# 🦋 Bluesky Social Justice Data Collection & Analysis
## DFP F25 Social Media Blue Team

This notebook provides a comprehensive interface for collecting and analyzing social justice data from Bluesky using dual collection methods.

## Collection Methods

### **1. Firehose Collection (Real-time)**
- Live stream of current posts as they happen
- Best for monitoring ongoing conversations
- Duration-based collection

### **2. Search API Collection (Historical)**
- Native search with deep pagination
- Systematic historical data collection
- Date range filtering and cursor-based navigation
- Enhanced query design with exact phrases and hashtags

### **3. Hybrid Collection (Both)**
- Historical data first (search API)
- Then real-time monitoring (firehose)
- Complete coverage of past and present
- Automatic time splitting: 75% search, 25% firehose

### **Features:**
- Dual collection methods (firehose + search API)
- Deep pagination with cursor persistence
- Date range filtering for historical collection
- Author influence metrics (follower counts, verification)
- Enhanced search queries (exact phrases, hashtags)
- Session-based organization with alltime datasets
- Rich content analysis (hashtags, media, emotions)
- Secure authentication from external credentials file

### **Why Author Metrics Matter:**
- Firehose captures posts within seconds (engagement typically zero)
- Follower counts provide immediate influence assessment
- Essential for identifying high-impact voices in social justice content
- Helps prioritize content before viral spread occurs

### **Social Justice Keywords:**
- Food insecurity
- Housing crisis  
- Homelessness
- Unemployment
- Gender inequality


## 🔧 Setup and Dependencies

First, let's import all required libraries and check our setup.


In [29]:
# Import required libraries
import json
import os
import pandas as pd
import matplotlib.pyplot as plt
import seaborn as sns
from datetime import datetime, timezone
from collections import defaultdict, Counter
import re

# Check if atproto is available
try:
    from atproto import Client
    print("✅ atproto library available")
except ImportError:
    print("❌ atproto not found.
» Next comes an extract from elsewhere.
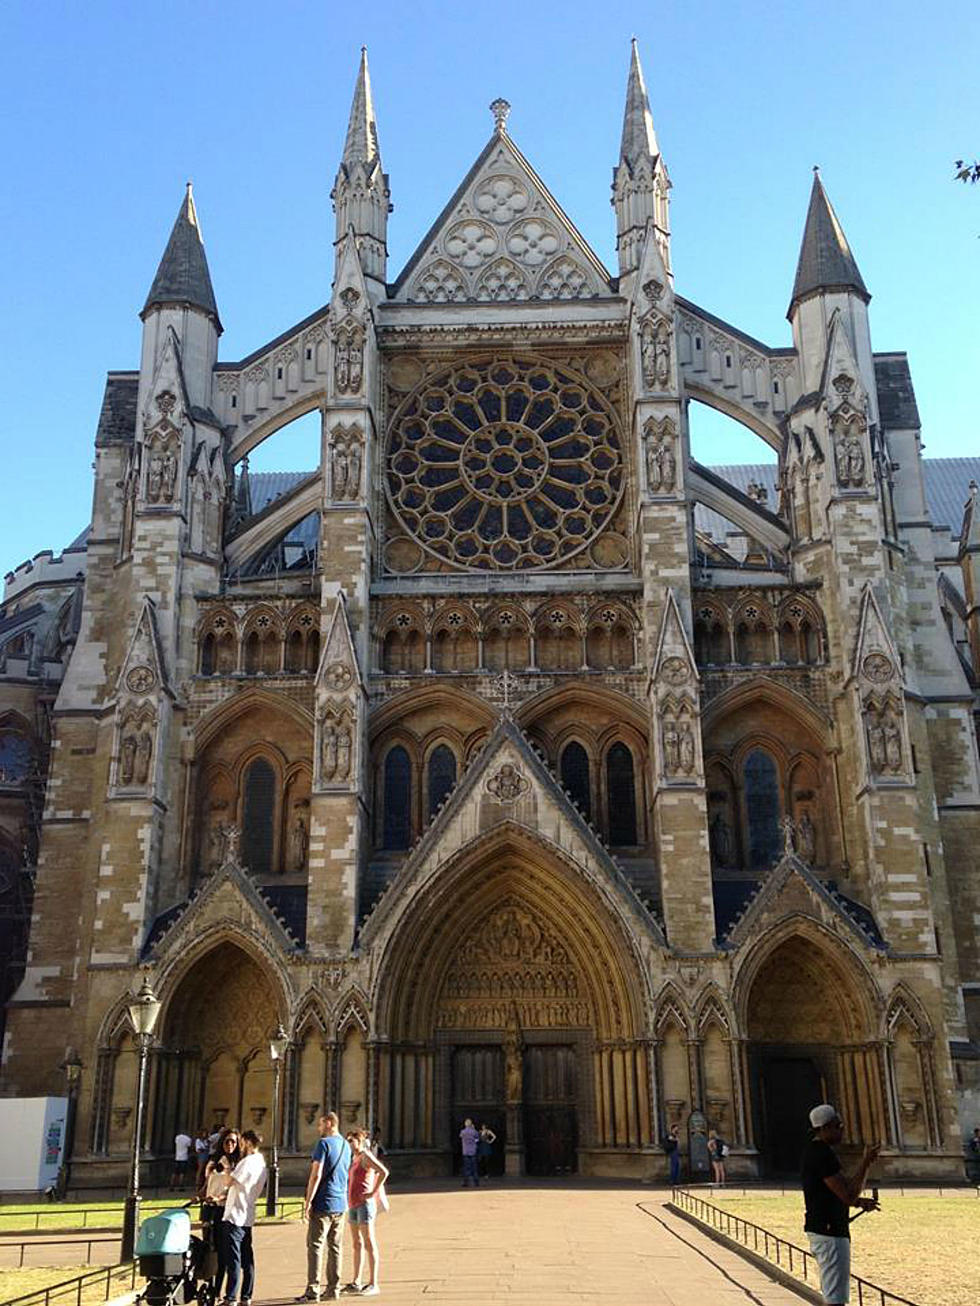 Wyoming's Zimmerman Family Enshrined at Westminster Abbey in London
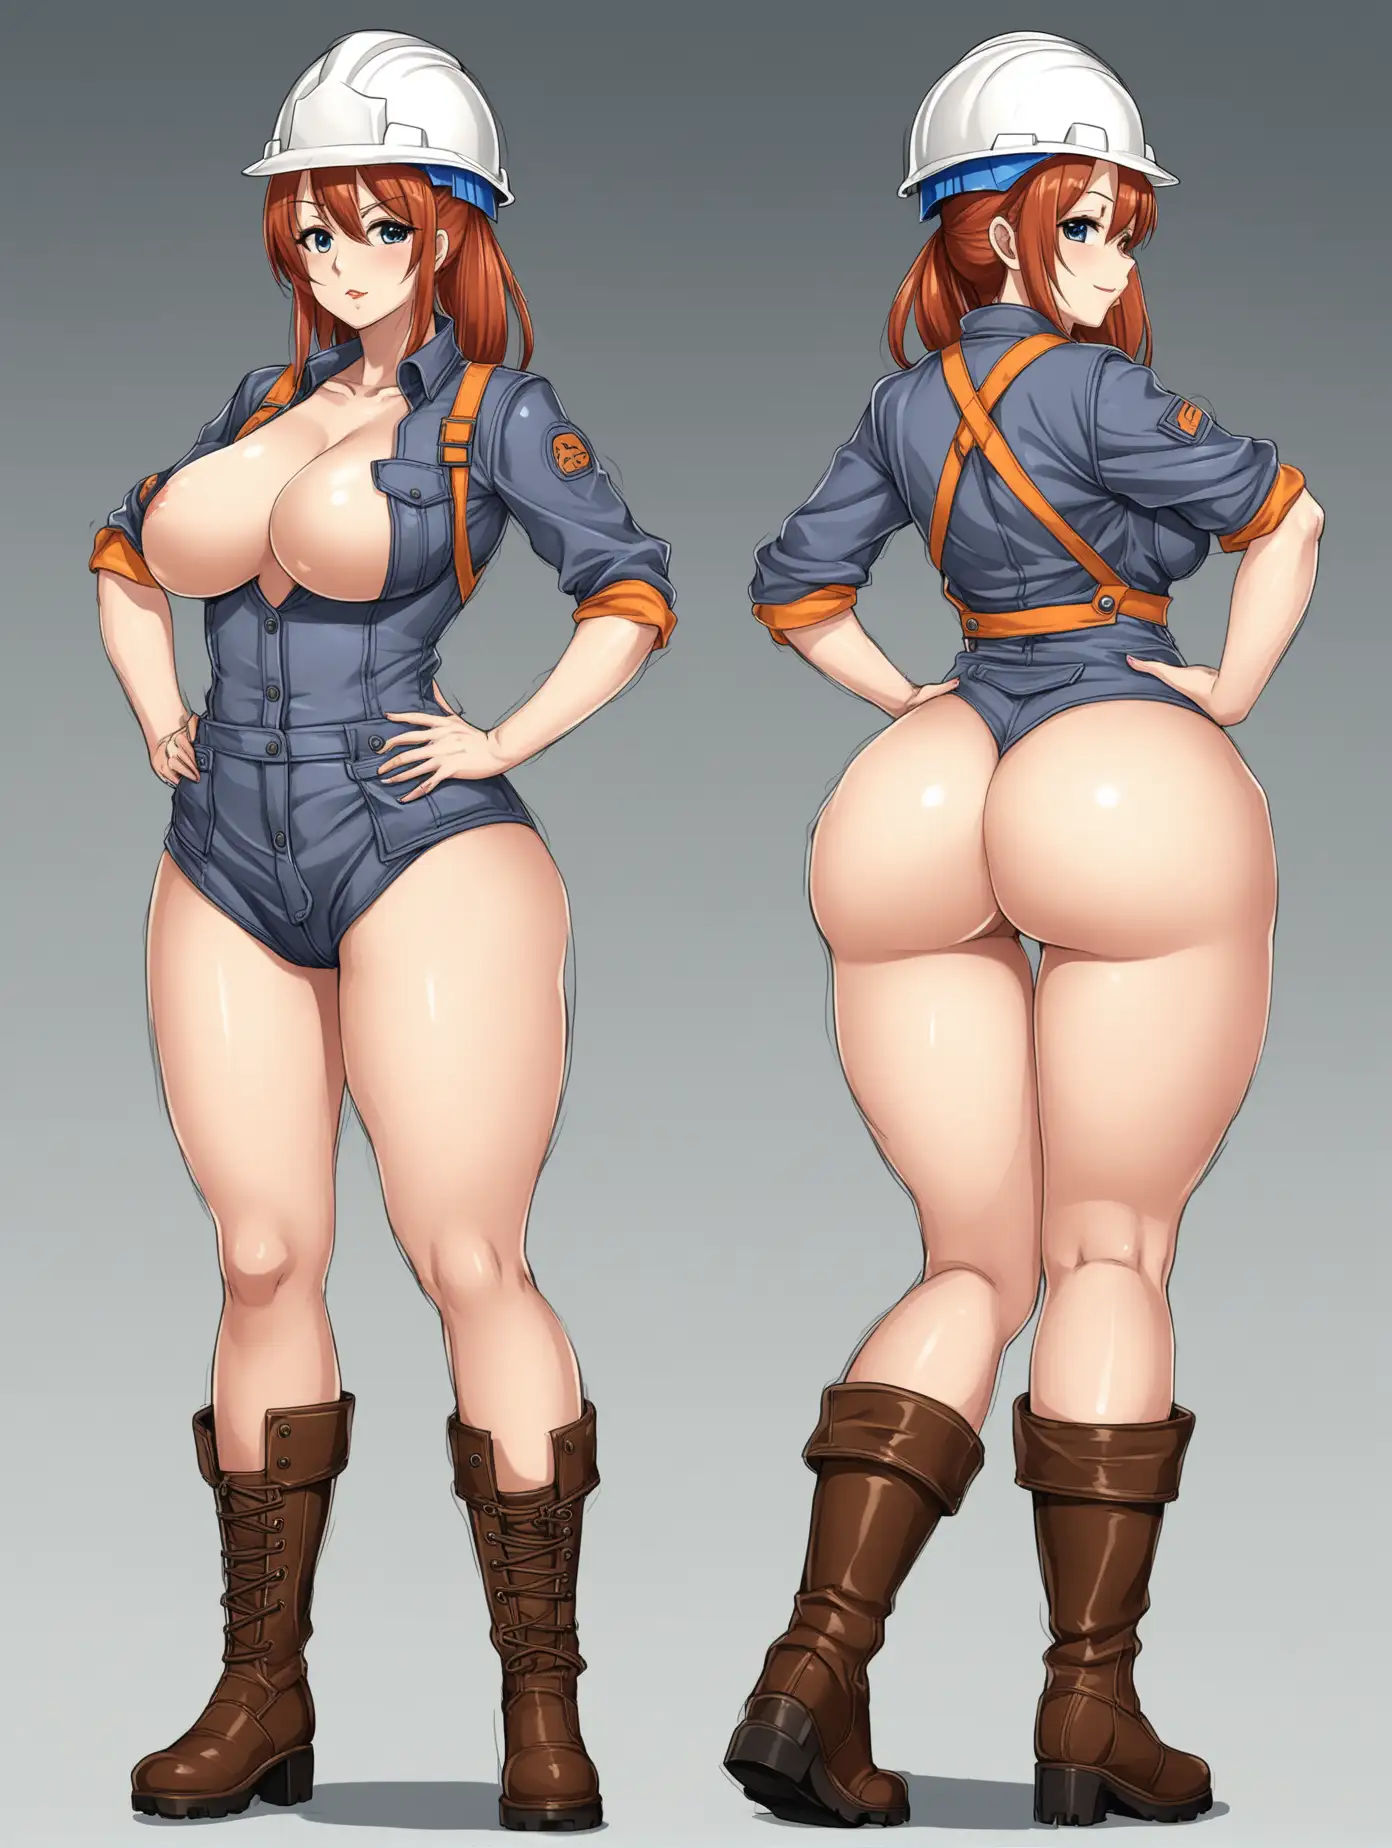 Sensual picture of a hot anime girl, age 30, builder outfit, big ass, wearing boots, 2 poses, full body

Install with: pip install atproto")

# Set up plotting
plt.style.use('default')
sns.set_palette("husl")

print("🔧 Setup complete!")


✅ atproto library available
🔧 Setup complete!


## 📊 Load and Explore Collected Data

Let's examine the social justice data we've collected from Bluesky.


In [30]:
# Load all alltime data for analysis
keywords = ["food_insecurity", "housing", "homeless", "unemployment", "gender_inequality"]
all_data = []
keyword_counts = {}

print("📊 Loading Alltime Data:")
print("=" * 40)

for keyword in keywords:
    alltime_file = f"data/alltime/{keyword}_alltime.jsonl"
    if os.path.exists(alltime_file):
        keyword_posts = []
        with open(alltime_file, 'r') as f:
            for line in f:
                try:
                    post = json.loads(line.strip())
                    all_data.append(post)
                    keyword_posts.append(post)
                except json.JSONDecodeError:
                    continue
        
        keyword_counts[keyword] = len(keyword_posts)
        print(f"✅ {keyword.replace('_', ' ').title()}: {len(keyword_posts):,} posts")
    else:
        keyword_counts[keyword] = 0
        print(f"❌ {keyword.replace('_', ' ').title()}: No data")

print(f"\n📈 Total Posts Loaded: {len(all_data):,}")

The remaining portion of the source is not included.